Greengrass ne bronche pas avec ses mots, ne s’arrêtant que brièvement pour crier après son chien lorsqu’un livreur se présente avec un colis. Il a commencé sa carrière dans le journalisme, travaillant comme chercheur pour l’émission d’actualité d’ITV World in Action à la fin des années 1970, notamment en documentant la grève de la faim de l’IRA à la prison Maze. Plus tard, il a co-écrit les mémoires de l’ancien officier du renseignement Peter Wright, Spycatcher, un livre interdit par le gouvernement Thatcher pour ses révélations d’une taupe soviétique de haut rang dans le MI5.

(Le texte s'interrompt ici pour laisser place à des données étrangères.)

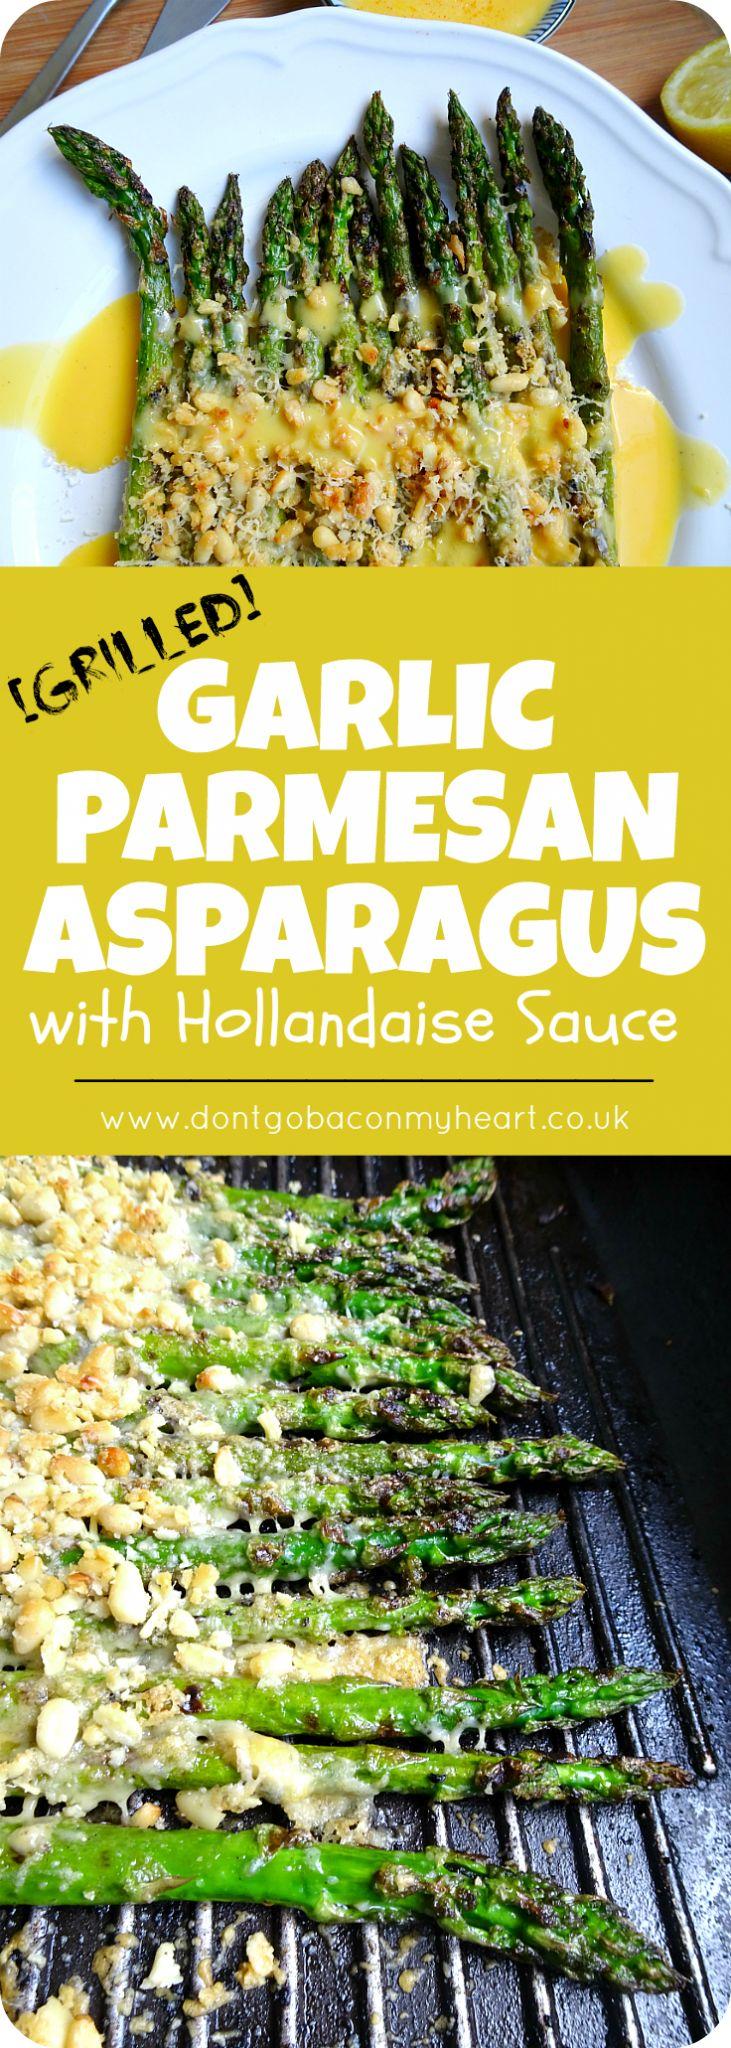 Grilled Garlic & Parmesan Asparagus with Hollandaise Sauce

Cette colère juvénile ne s’est pas dissipée au fil des ans. Les meilleurs films de Greengrass ont toujours été politiquement engagés, se vantant d’une qualité journalistique urgente, comme Bloody Sunday de 2002, sur le tristement célèbre tournage de 1972 en Irlande du Nord, qui lui a valu l’Ours d’or du Festival de Berlin. Plus tard, il a créé United 93, organisé autour du détournement du 11 septembre de l’avion United Airlines – ce qui lui a valu un Bafta du meilleur réalisateur et une nomination aux Oscars. Il croit toujours en l’importance du reporting. «Je pense que le journalisme est en première ligne parce que son affaire est la vérité», dit-il. «Et, bien sûr, des forces puissantes veulent saper la vérité ou les faits. Ils veulent que les faits soient ce que les gens puissants disent que vous êtes des faits, ce qui ne sont pas du tout des faits. Très souvent, ce sont des mensonges.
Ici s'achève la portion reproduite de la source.